Here's the implementation of a CommandExecutor class, which single-handedly deals with all the reusable aspects of the pattern:
public class CommandExecutor
{
private int currentCommand = -1;
private readonly List<Command> history = new List<Command>();
public event EventHandler StatusChanged;
public bool CanUndo
{
get { return currentCommand >= 0; }
}
public bool CanRedo
{
get { return currentCommand < history.Count - 1; }
}
public void Execute(Action command, Action undo)
{
if (command == null)
{
throw new ArgumentNullException("command");
}
command();
if (undo != null)
{
history.RemoveRange(
++currentCommand,
history.Count - currentCommand
);
history.Add(new Command(command, undo));
}
else
{
history.Clear();
currentCommand = -1;
}
OnStatusChanged(EventArgs.Empty);
}
public void Undo()
{
if (CanUndo)
{
history[currentCommand--].Undo();
OnStatusChanged(EventArgs.Empty);
}
}
public void Redo()
{
if (CanRedo)
{
history[++currentCommand].Execute();
OnStatusChanged(EventArgs.Empty);
}
}
protected virtual void OnStatusChanged(EventArgs e)
{
var handler = StatusChanged;
if (handler != null)
{
handler(this, e);
}
}
private class Command
{
private readonly Action execute;
private readonly Action undo;
public Command(Action execute, Action undo)
{
this.execute = execute;
this.undo = undo;
}
public Action Execute
{
get { return this.execute; }
}
public Action Undo
{
get { return this.undo; }
}
}
}
With this functor based implementation, commands can be easily passed into the executor along with the undo method, either as references to existing methods, or as lambda expressions.

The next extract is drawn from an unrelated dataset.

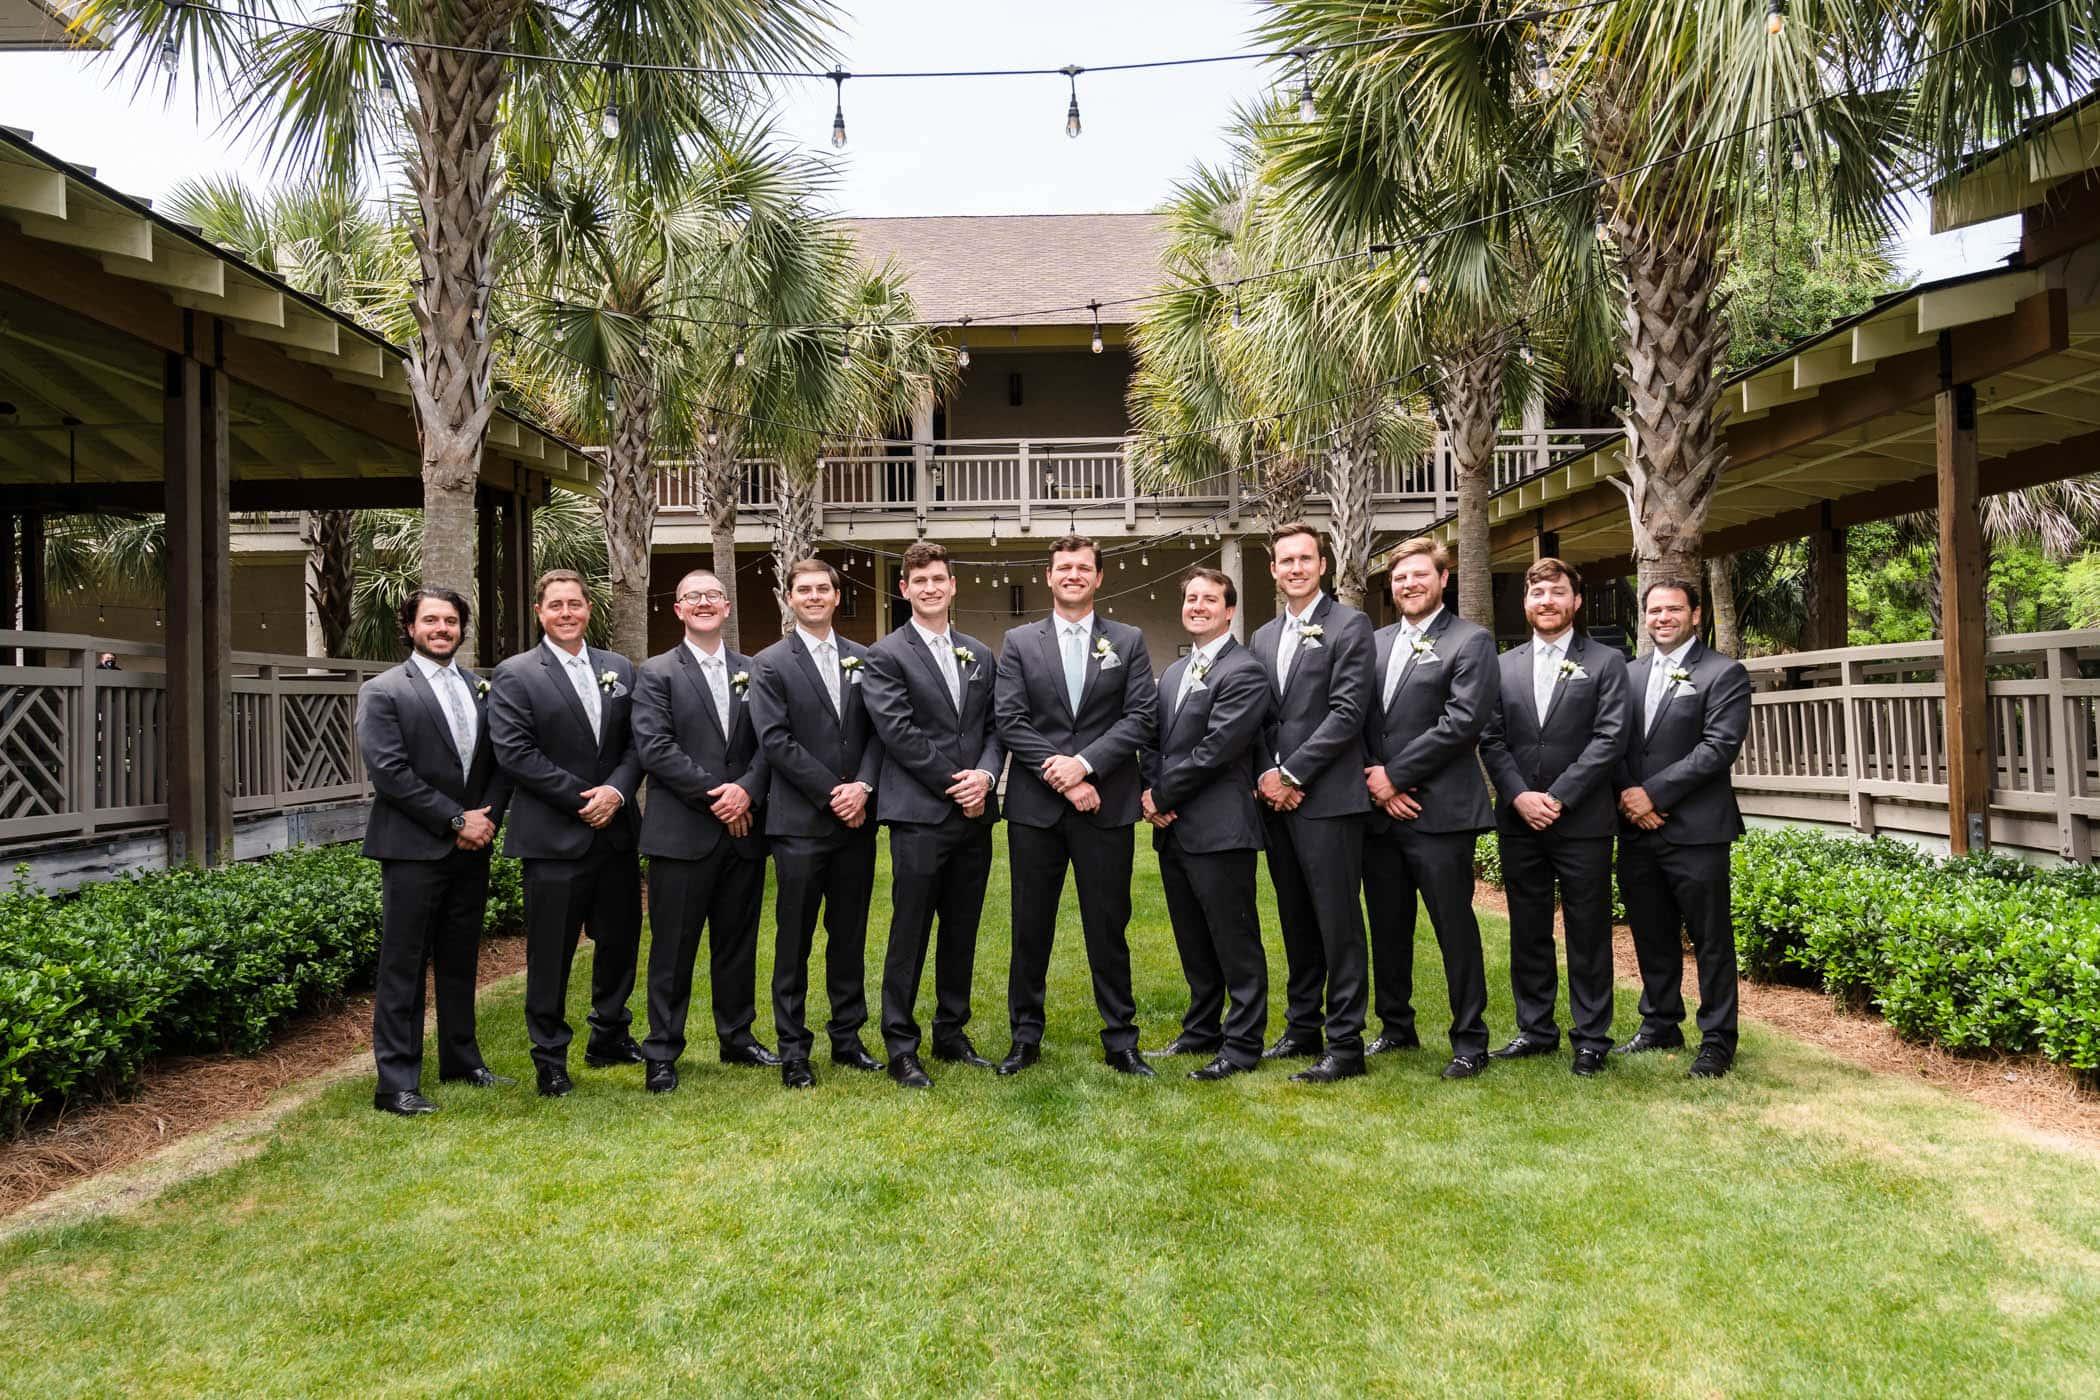 Groom and Groomsmen Omni Hilton Head Ocean Resort Beach Wedding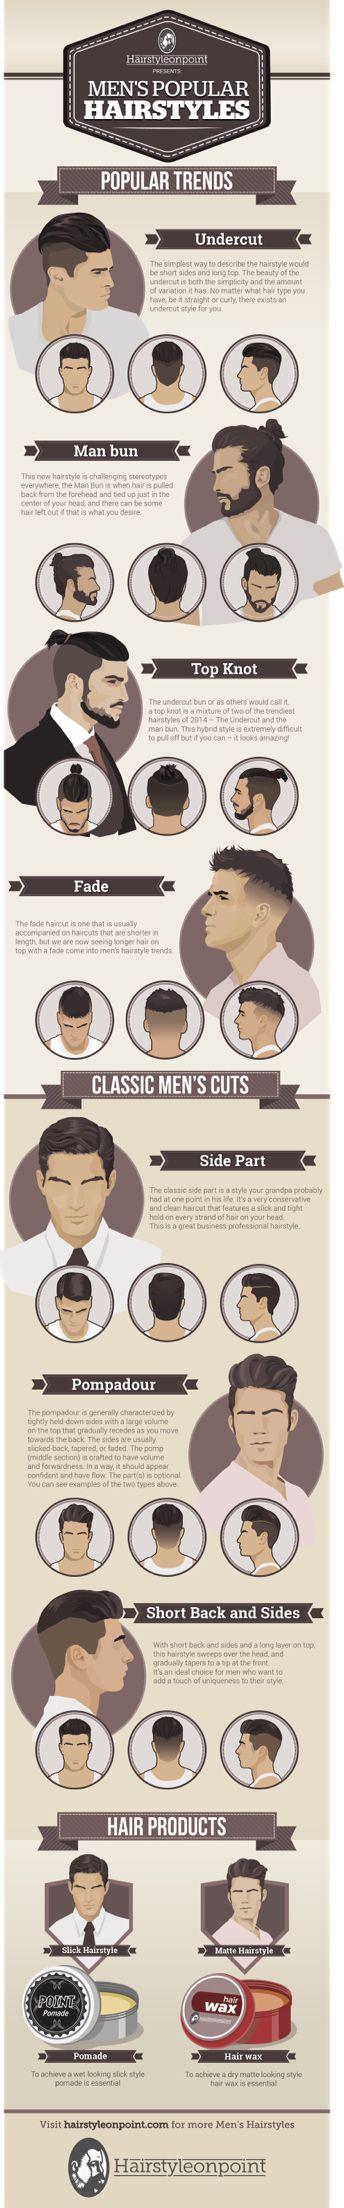 Popular hairstyles for men.  #DreamBeard      dreambeard.com

Using the delegate indirection, this type of implementation conveniently eliminates the need for implementing a common Command interface, which makes it that much more reusable, as you can easily pass in methods of classes which you did not implement, or very easily and concisely transform specific method calls into commands without the need to implement yet another class.
Also, using the scoping semantics of anonymous delegates, you can easily use closures as data members for sharing immutable data between the execution of the command and the undo operation. For instance, consider the following example:
public class Test
{
private readonly CommandExecutor executor = new CommandExecutor();
public void TestScoping()
{
int sum = 0;
for (int i = 0; i < 10; ++i)
{
var scopedData = i;
executor.Execute(
() => sum += scopedData,
() => sum -= scopedData
);
}
for (int i = 0; i < 10; ++i)
{
executor.Undo();
}
}
}
In this example, scopedData is used in the closure of the command delegates. Each iteration of the for-loop produces a different numeric value, which is implicitly preserved onto each command execution. By undoing the command, the sum gets preserved.
If instead the for-loop counter variable was passed, the undo commands would not be adequately preserved, as that variable would have been shared between all closures of all commands. In this way, you can adequately choose the level of sharing between command executions and undo operations, and effectively use the principles of functional programming to insulate each command execution from side-effects, while at the same time writing clean, concise, and efficient code.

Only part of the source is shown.